# knocked out another one (added more pictures)



## bronco611 (Apr 29, 2016)

Found a few minutes to beat on some rock just before it got dark, knocked out another bullet for the next season. It so thin and colorful and I still have to micro flake the edge to completely sharpen it but I can finish  that tomorrow.


----------



## shakey gizzard (Apr 29, 2016)

Awesome!


----------



## Nugefan (May 2, 2016)

looks nice , lets see it with back lighting ...


----------



## YellowKnife (May 2, 2016)

Now that's a sho nuff deer bullet if I ever seed one! Be a shame to send it at a nasty ole swamp donkey and loose it, could send it to me an it will be safe in my keeper case.


----------



## Nicodemus (May 2, 2016)

Mighty nice.

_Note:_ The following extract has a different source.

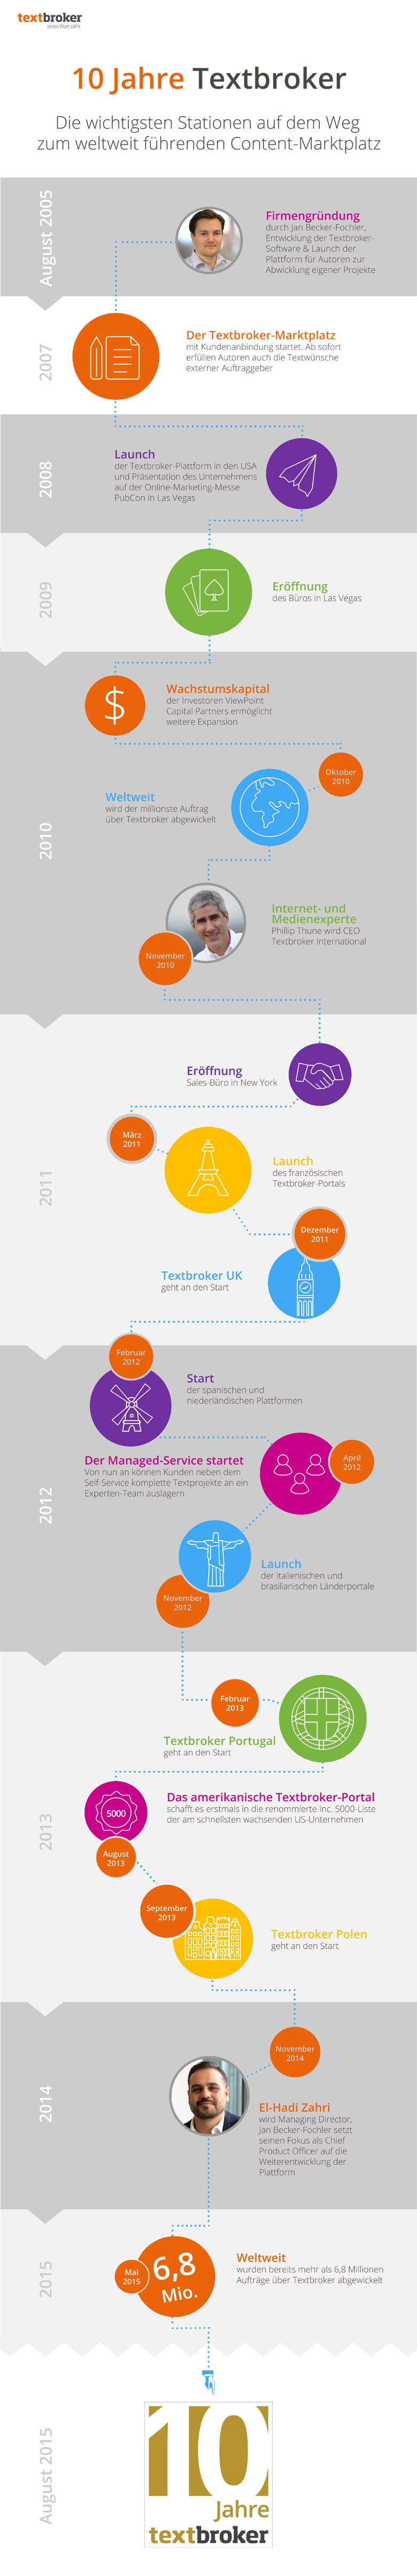 10 Jahre Textbroker Infografik

I`m impressed.


----------



## NCHillbilly (May 3, 2016)

Nice point!


----------



## T-N-T (May 3, 2016)

That thing is sure enough purty!


----------



## nrh0011 (May 3, 2016)

very nice point!


----------



## shotgunpapa (May 8, 2016)

I like it sure wish I knew how to do that.


----------



## Redbow (May 9, 2016)

Nice point indeed..


----------



## phocus (May 9, 2016)

Super Nice !


----------